I had the occasion today to revisit the Rational Zeros Theorem. It took me all of one minute to realize that this was a great thing to express with APL. Here's the core idea of the Theorem:

*Given a polynomial with integer coefficients, the potential rational roots of the polynomial are of the form P / Q where P is a member of the factors of the coeffecient of the lowest degree term, and Q is a member of the factors of the coeffecient of the highest degree term, where P and Q can have either sign.*

This actually turns out to be pretty easy to express. The idea is to have an expression which generates a two row, N column matrix of numerators (first row) and denominators (second row), given the coeffecients of P represented as a Vector. Let's get started.

First, let's work out an expression to get the highest degree and lowest degree terms. I'm going to assume that P is sorted from highest to lowest degree.

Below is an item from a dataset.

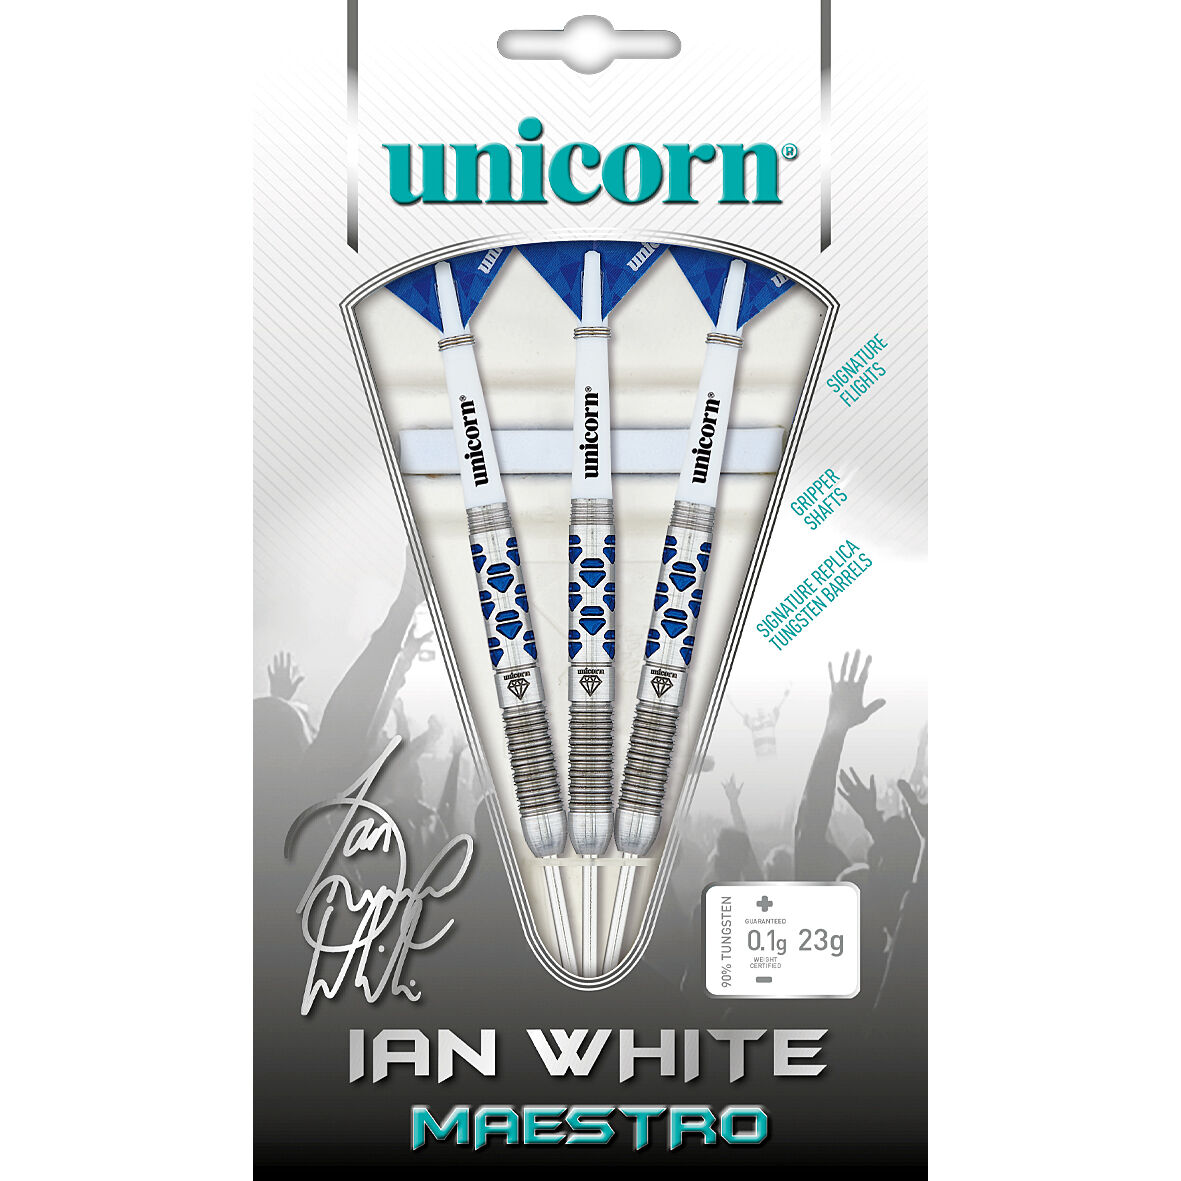 Unicorn - Ian White Phase 2 - Steeldart

Then we can get the first and last coefficients with the following expression:

`⊃¨(⌽P)P `

So, the result of this expression will be a pair with the first element being the lowest degree coeffecient, and the second element being the highest degree coeffecient. Our set of possible numerators will come from the first element, and our possible denominators from the second element.

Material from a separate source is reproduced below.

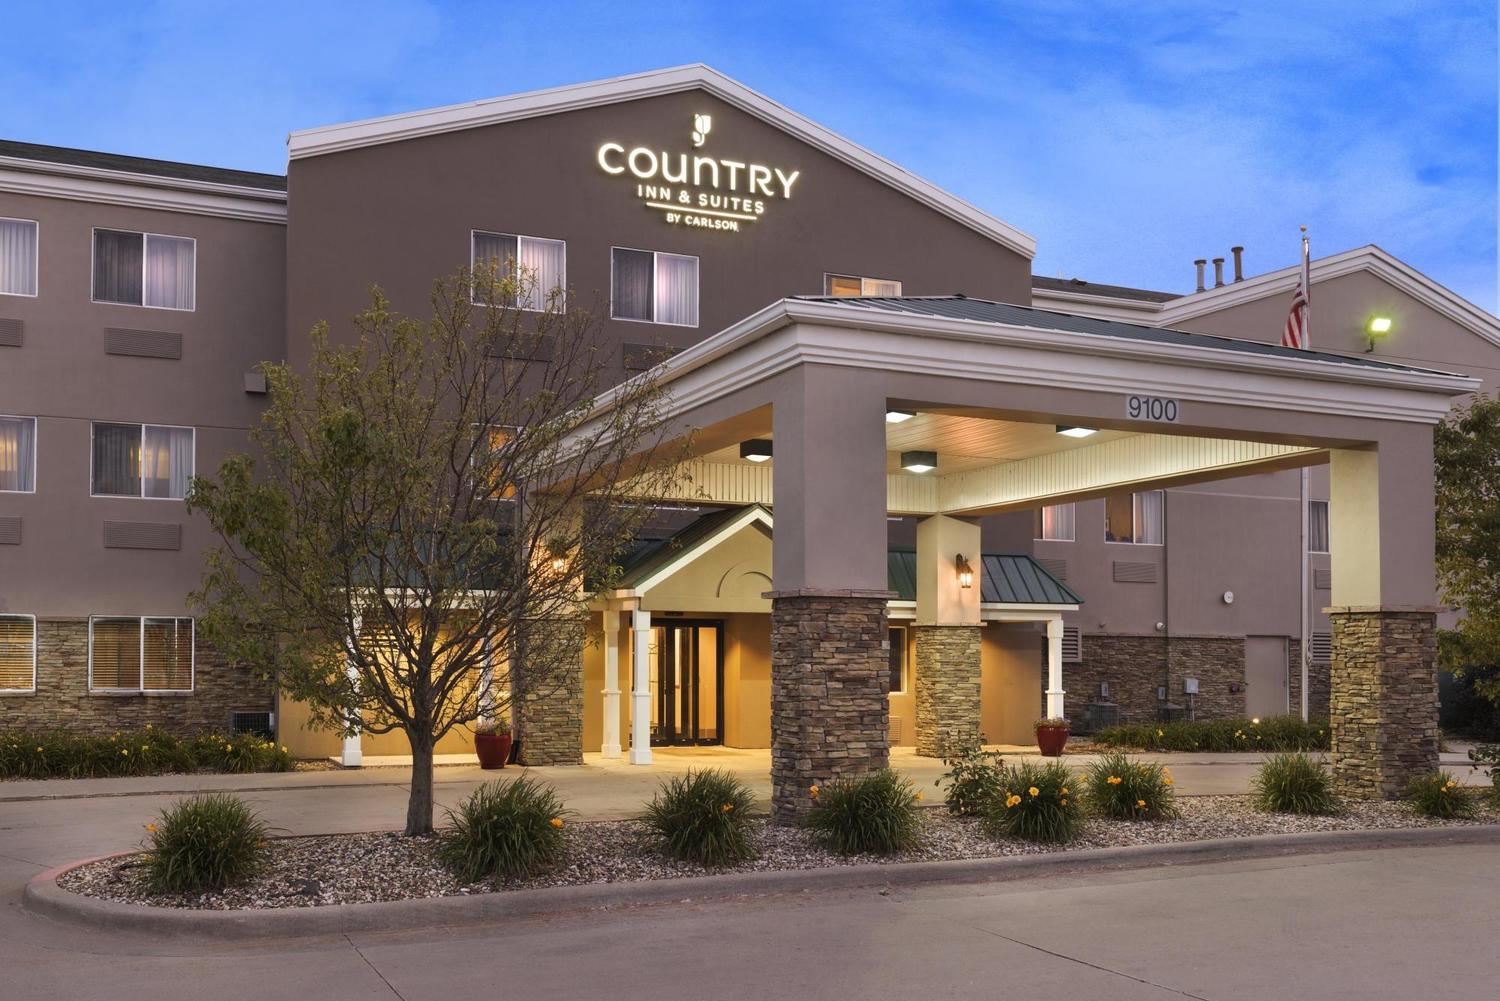 Country Inn & Suites by Radisson, Cedar Rapids Airport.

Next, let's factor these numbers. We do this first by getting the magnitude of the values, without the sign.

`|⊃¨(⌽P)P `

Then we generate the intervals [1,N] for each of the numbers:

`1+⍳¨|⊃¨(⌽P)P `

This gives us a pair where the first element is the interval for the low degree coeffecient (LDC) and the second element the interval for the high degree coeffecient (HDC). We are going to want to use both of these values in the future, so let's give them names. I'll give the name X to the coeffecients, and Y to the intervals.

`Y←1+⍳¨|X←⊃¨(⌽P)P `

Now we can get the residue (remainder) of each of the numbers on the interval. When we have that, we can just look for the zeros in there, and this will tell use the numbers that divide our coeffecient. In the end we want a bitvector mask indicating what numbers in Y are factors.

`0=X|⍨Y←1+⍳¨|X←⊃¨(⌽P)P `

Finally, we can use this mask to filter out the appropriate values, and then the rationals are just the outer product pairs of those values, with a little more manipulation we can put them into the shape that we want after we take the outer product of them. The final expression looks like this:

`⍉↑,⊃∘.,/Y/⍨¨0=X|⍨Y←1+⍳¨|X←⊃¨(⌽P)P `

After this, we can do some standard reductions along the first axis with `÷`

to get the real values of those fractions if we wanted to do so. Another outer product with `1 ¯1`

on the real values would get the negative and positive versions of those values as well, giving us some test data that would could run to see which are the actual roots.